Observability: Getting from B to C
I was asked to elaborate on the tweet below, and I have been meaning to blog more, so I figured I would flesh out the thought here.
I don’t think what I tweeted above is that novel or interesting of an idea, but what I am getting at is the following: there’s a rough spectrum of Monitoring -not Observability, which has its own spectrum- that goes from Fly Blind Until You Get In Trouble (Point A) on the left, to Page On All The Things (Point B), to Page On The Critical Paths (Point C), all the way at the Zeno’s Paradox unreachable right. Most well-intentioned and well-led teams I have interacted with seem to get stuck at Point B.
The culture I have seen develop at Point B is that every page is a crisis, and every minor issue that isn’t immediately surfaced gets treated as something that should be paged on. You’re basically overreacting constantly, on purpose. It’s usually because someone in your org saw the positive impact that improved paging had on downtime and immediately succumbed to Hammer and Nail Syndrome. Part of this is because our current Monitoring tools – again, not Observability, but Monitoring specifically- encourage overreaction and lack of granularity about what a signal means.
In my opinion the sustainable Monitoring stance is at Point C, not because it’s evolved or accurate or what-have-you, but because it privileges not burning out your team. The problem is that unless you are incredibly good at keeping track of the vibe in your org, it is incredibly hard to get to Point C, because you have no tools to push them into a better place.
Point C looks like the following: The team identifies a critical path, and that critical path has an SLO. The team then puts in place monitoring on their SLIs to let them know when a risk to that SLO arises, and tracks over time how often they miss their SLO. Critically, if they miss their SLO enough times that they burn through their error budget, a contract exists between the team and their stakeholders that allows the team to thoughtfully address the causes of these errors. SLOs and SLAs cannot sustainably exist in the absence of this social contract and the error budgets that support it. When these three components go hand in hand it can create a wonderful virtuous cycle that slowly tumbles the team towards calmer on-call cycles.
However, there exists a problem in the way I have seen these Objectives, Indicators, and Budgets set. The problem is exactly that sequencing. Teams will generally try to set Objectives, often a difficult-enough task on its own in a fast-growing organization. They then will figure out Indicators, and monitor those Indicators until a point where they threaten missing the Objective.
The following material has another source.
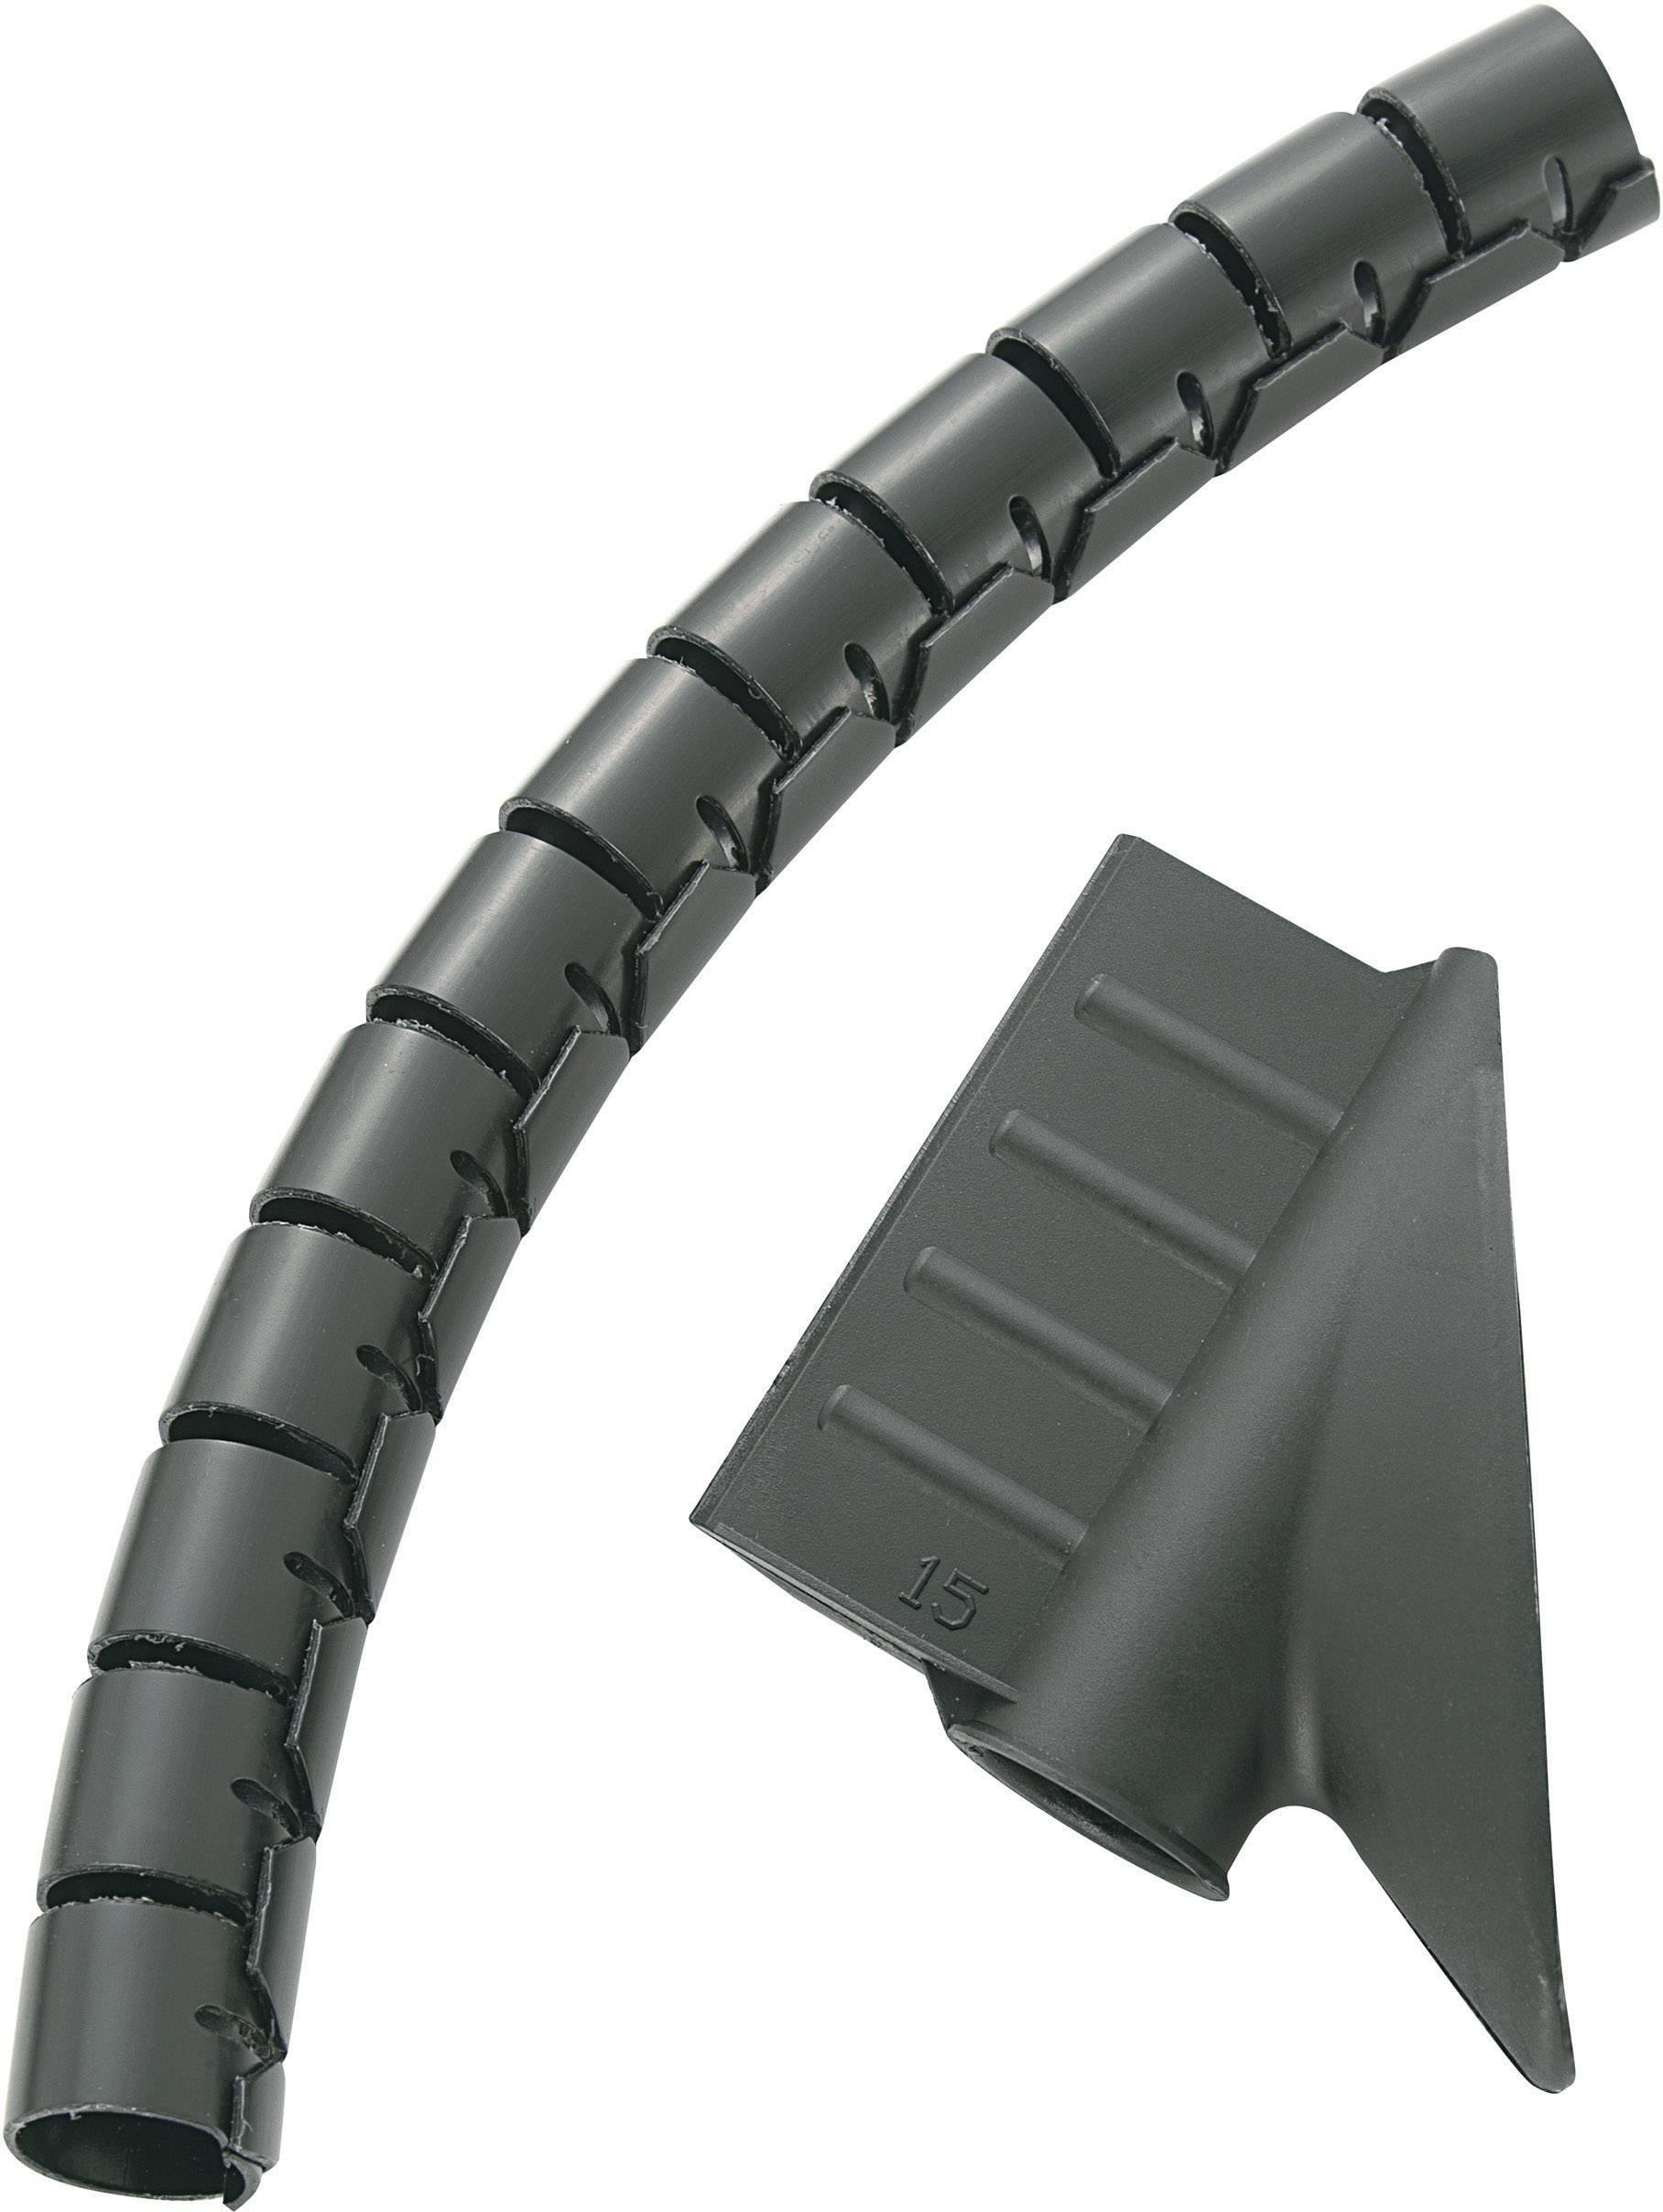 Spirálová trubice na kabely KSS MX-KLT15WE (28530c1027), 15 mm, bílá

When you’re somewhere between Points A and B though, you don’t necessarily know exactly what you should care about enough to set an Objective. Your product might be in flux, or you might be in a complex product space where engineering team’s don’t exactly know what the #1 concern of their users is. The standard, understandable response is to try and care about everything, eventually burning the team out. Trying to derive your critical paths and SLOs from this position is difficult, if you can even convince your team to do so, because you will have no baseline for a priority cutoff (ie is a #5 priority pageable or no?).
What I was trying to express above, was that at Point B Nothing stops teams for continuously creating more and more alerts. I’ve been guilty of it myself. There exists no counter-pressure equivalent to Point C’s “SLOs vs Error Budgets” balance. So why don’t we create one?
While most teams create error budgets 1) downstream of SLOs and 2) related to one specific SLO, what if we were to create a more generic limit, and actually set the objective downstream of the limit itself? For example, teams trying to move towards SLOs and Error Budgets could put down:
“We are willing to get paged no more than 5 times per week, and no more than two times overnight in a given week. If we exceed this limit, the following cycle at least one engineer will be tasked with establishing whether the monitors that paged us are tracking Goals, or Non-Goals. We will track all Goals and Non-Goals, and use these to inform any SLOs we eventually set. If the offending pages relate to Goals, we will triage issues and write a plan of action.”
When I write this out, it seems to me like a more experienced practitioner may respond with “well.. duh”, but the key point here is that if your organization is struggling with establishing or adopting SLOs and Error Budgets, it might be worth it to flip the problem on its head and start with the question of “How often are we willing to be interrupted?” and establish a guardrail that will push your team forward from there.
This was originally going to be a series of tweets, so apologies if it’s a bit of a ramble.